American materials scientist

Christopher Bruce Murray is the Richard Perry University Professor of Chemistry and Materials Science and Engineering at the University of Pennsylvania. He is a member of the National Academy of Engineering and a Fellow of the Materials Research Society. He was a Clarivate Citation Laureate in 2020. He is known for his contributions to quantum dots and other nanoscale materials.

==Early life and education==
Murray studied chemistry at St. Mary's University in Halifax, Nova Scotia, Canada from 1985, graduating with a Bachelor's Degree with Honors in Chemistry in 1988. He spent a year as a Rotary International Fellow at the University of Auckland in 1989. From 1990 he studied at the Massachusetts Institute of Technology (MIT), where he received his doctorate in chemistry in 1995.

==Career==
From 1995 Murray worked at the Thomas J. Watson Research Center at IBM. From 2000 to 2006 he headed their Nanoscale Materials and Devices Department. In 2006 the University of Pennsylvania announced his appointment as the Richard Perry University Professor, with appointments in Chemistry and Materials Science, in the schools of Arts and Sciences, and Engineering and Applied Science.

==Research==
Murray, David Norris and Manoj Nirmal were the first graduate students to work with Moungi Bawendi at MIT. As part of his thesis work, Murray helped to develop synthetic methods for making quantum dots, including identifying a longer chain version of trioctylphosphine oxide as being cheaper and having additional benefits when used in synthesis. In 1993, Murray, Norris and Bawendi published a breakthrough paper describing the hot injection synthesis method for making quantum dots. Both Murray's and Bawendi's contributions to the synthesis and characterization of semiconductor quantum dots were recognized by the American Chemical Society with its 1997 Nobel Laureate Signature Award.

Their method was both adaptable and reproducible, making it possible to consistently synthesise monodisperse nanoparticles and develop large-scale applications using quantum dots. Bawendi received the 2023 Nobel Prize in Chemistry for the development of this method.

Much of Murray's has work focused on the synthesis and characterization of nanoscale materials, including nanoscale magnets, semiconductor nanocrystals, and nanocrystal superlattices. Murray was recognized at IBM as a Master Inventor and patent evaluator. He holds at least 26 nanascale patents.

Murray is concerned with the synthesis and self-assembly properties of nanocrystals and the potential to create new mesoscopic materials with interesting properties and potential applications in energy, environmental sustainability, health, and information processing.
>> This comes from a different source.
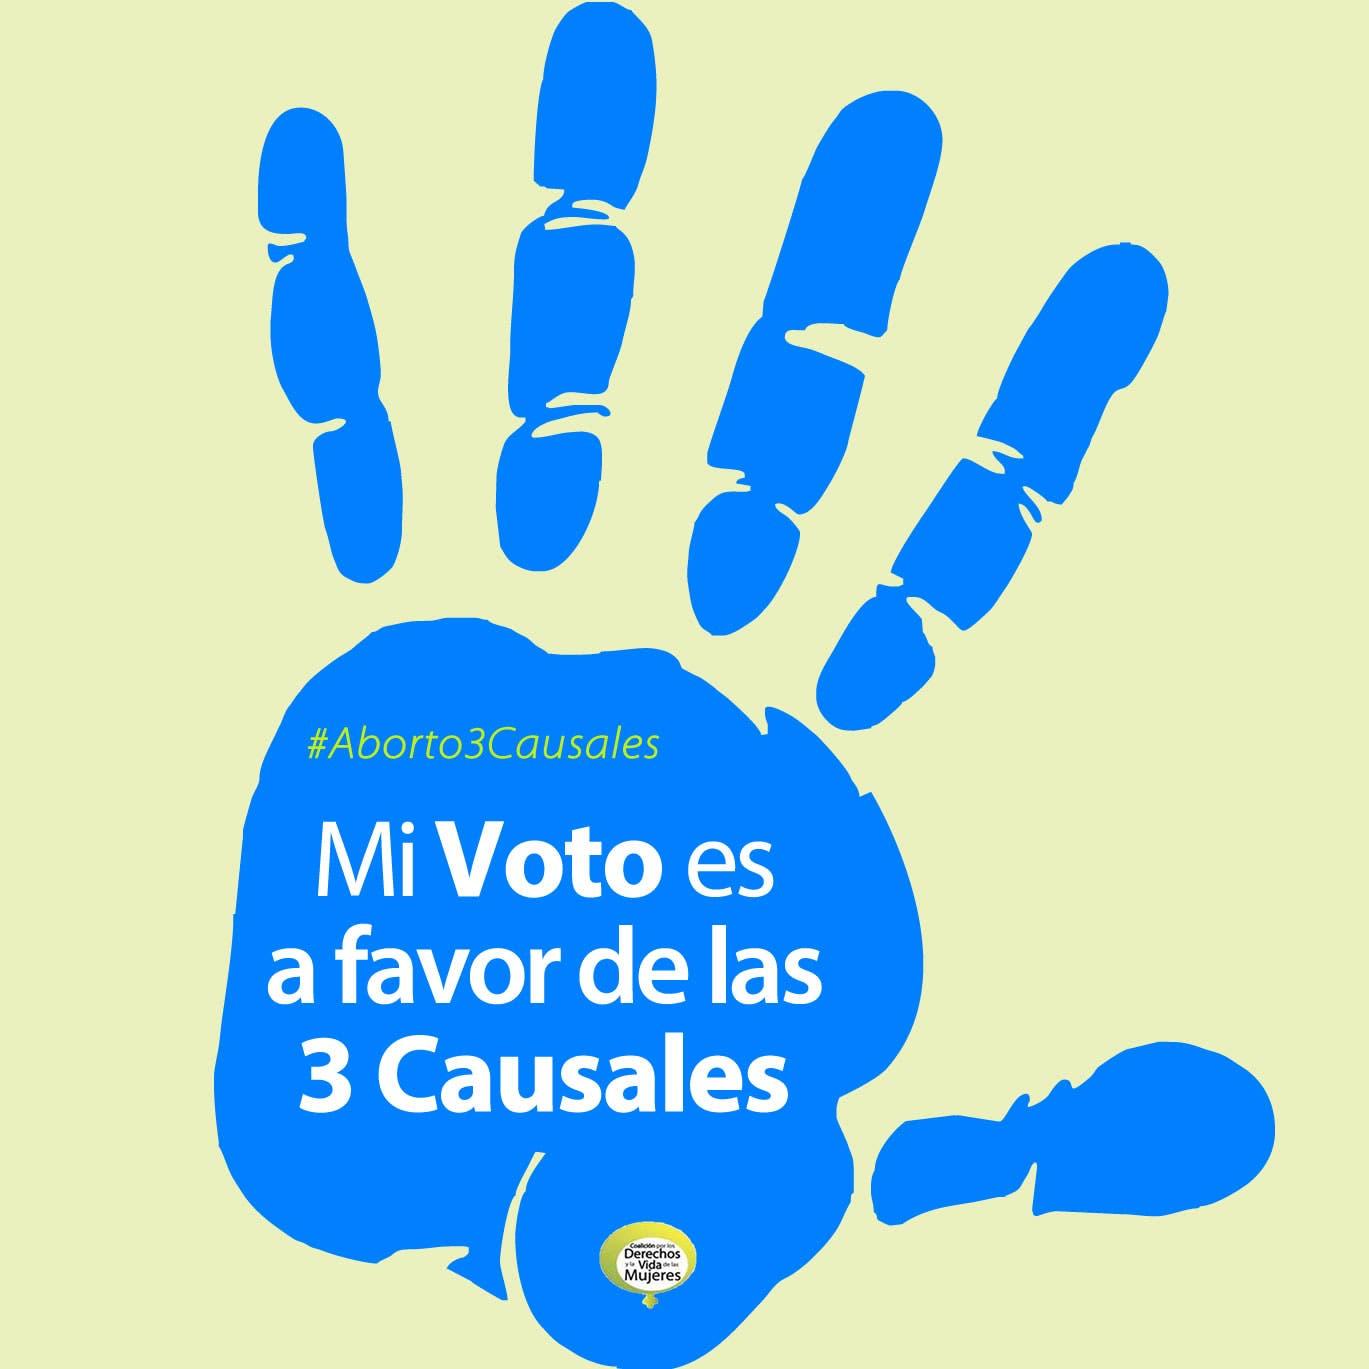 República Dominicana aún es uno de los cinco países que prohíbe el aborto bajo cualquier circunstancia, incluido casos de menores abusadas.

Murray is the Founding Chair of the World Economic Forum’s Global Councils on Nanotechnology (2008-2009) and Global Council on Emerging Technologies (2009-2010).

==Awards and honors==
- 1997 Nobel Laureate Signature Award of the American Chemical Society (with Moungi Bawendi)
- 2000, one of the most influential innovators younger than 35, Technology Review
- 2011, honorary doctorate, Utrecht University
- 2012 Fellow, Materials Research Society, for "innovations in the synthesis of nanomaterials with precisely controlled dimensions by chemical approaches; outstanding contributions in nanoparticle self-assembly; and pioneering research in the design of nanoparticle-based devices."
- 2019, Member, National Academy of Engineering for the "invention and development of solvothermal synthesis of monodisperse nanocrystal quantum dots for displays, photovoltaics and memory."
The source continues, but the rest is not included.